Polycystic kidney disease (PKD) in children

What is polycystic kidney disease (PKD) in children?

Polycystic kidney disease (PKD) is a rare disease in which fluid-filled cysts grow in the kidneys.

These cysts cause problems that reduce the function of the kidneys and can lead to kidney failure.

What are the different types of polycystic kidney disease (PKD) in children?

There are two main types of PKD:

1. Autosomal dominant PKD is inherited from at least one parent and is the most common form of the disease. In most cases, autosomal dominant PKD is not diagnosed until adulthood, however, children can be diagnosed early in life or even before birth
2. Autosomal recessive PKD is a much more rare and severe form that is caused by a genetic defect inherited from both parents. The condition is usually detected during an ultrasound before birth and some infants do not survive the first month of life.

What are the signs and symptoms of polycystic kidney disease (PKD) in children?
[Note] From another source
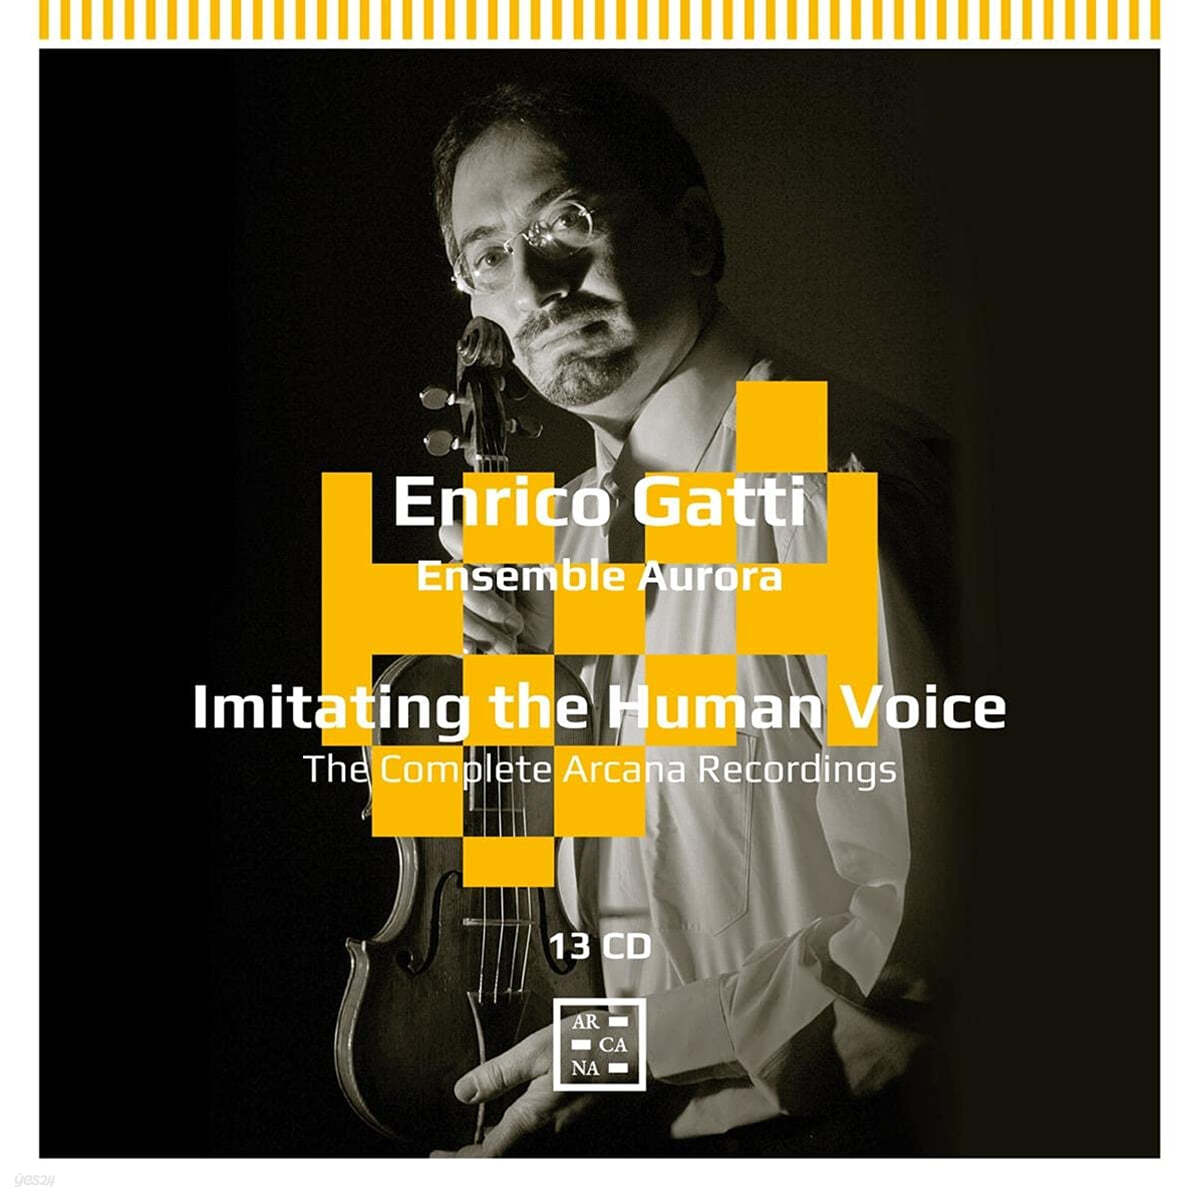 엔리코 가티 - 아르카나 레코딩 전집 (Enrico Gatti - The Complete Arcana Recordings: Imitating the Human Voice)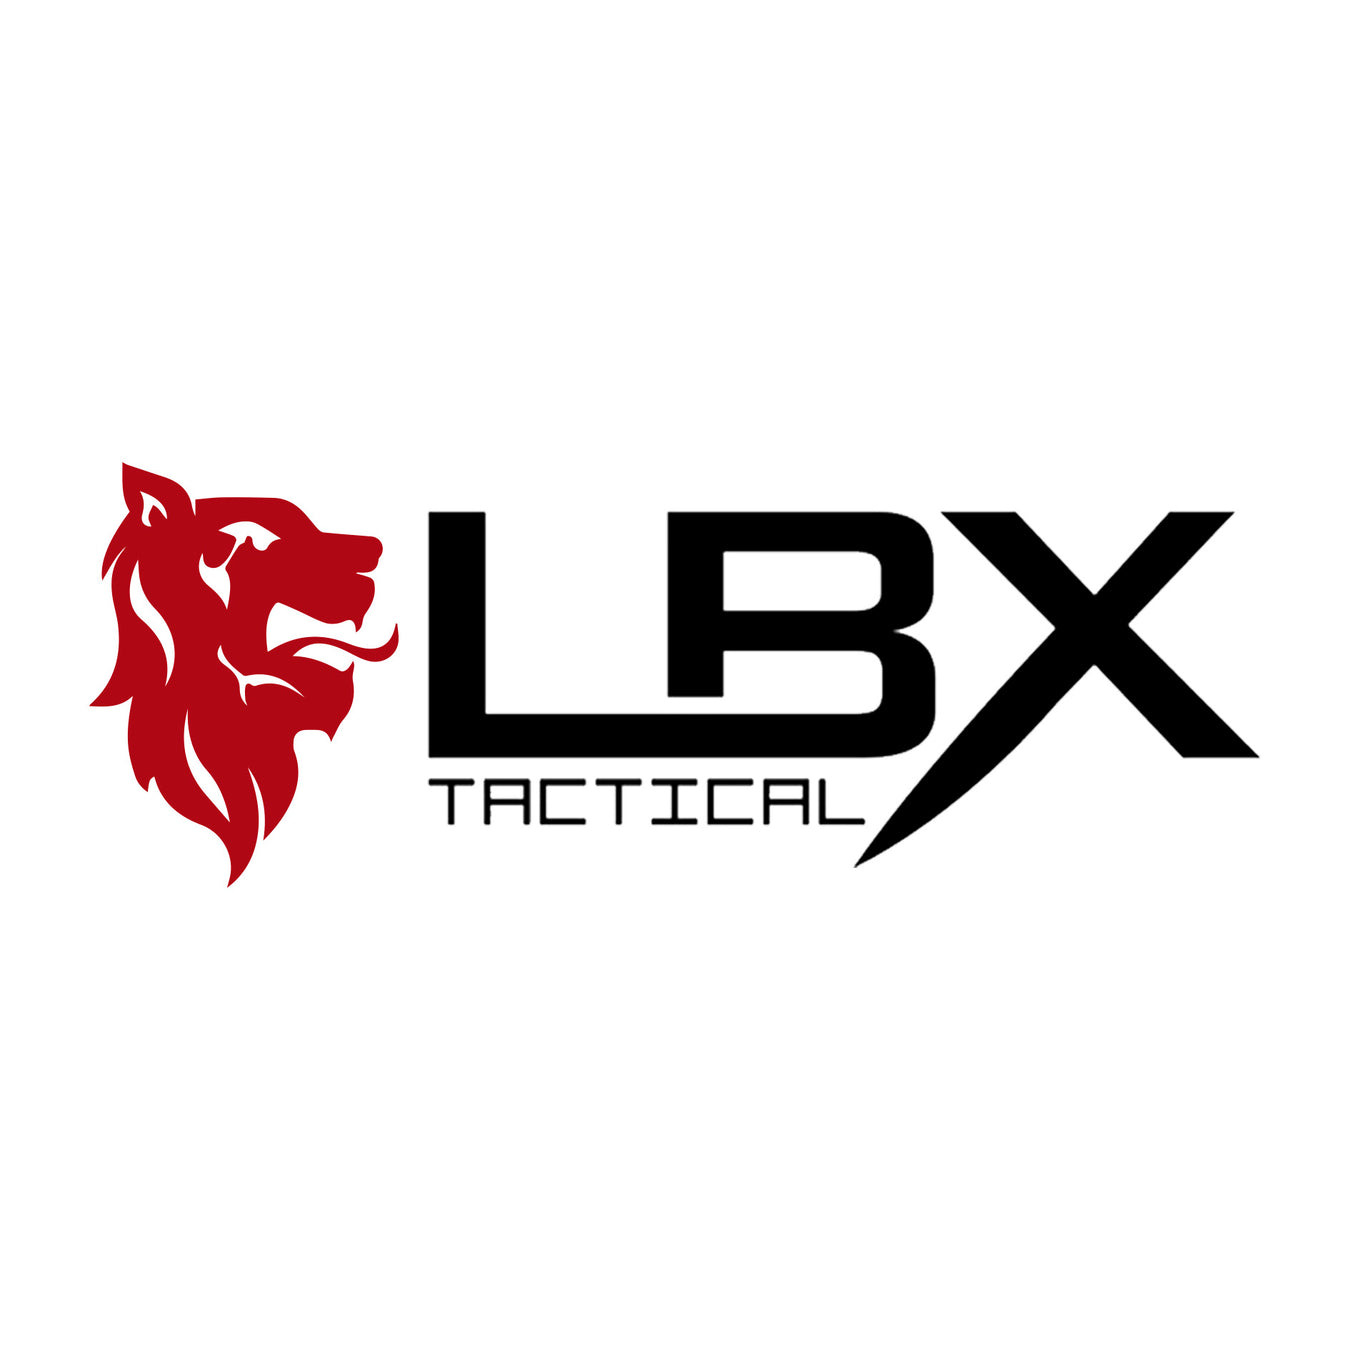 LBX Tactical

Autosomal dominant PKD symptoms include:

• Abdominal mass
• Abdominal pain
• Abnormal heart valves
• Brain aneurysms
• Cysts in the liver or pancreas
• Diverticulitis (pouches in the intestines)
• Frequent urinary tract infections
• High blood pressure
• Kidney stones
• Pale skin

Autosomal dominant PKD symptoms often do not develop until a person is an adult, but can begin in childhood.

Autosomal recessive PKD symptions in infants may have the following symptoms:

• Frequent urination
• Frequent urinary tract infections (UTI)
• Hemorrhoids
• High blood pressure
• Kidney failure 
• Low blood cell counts
• Varicose veins (enlarged and twisted veins)

Autosomal recessive PKD symptoms of are usually detected before birth during an ultrasound.

What are the causes of polycystic kidney disease (PKD) in children?

• Autosomal dominant PKD is caused by a gene defect that is inherited from one parent.
• Autosomal recessive PKD is caused by a gene defect that must be inherited from both parents.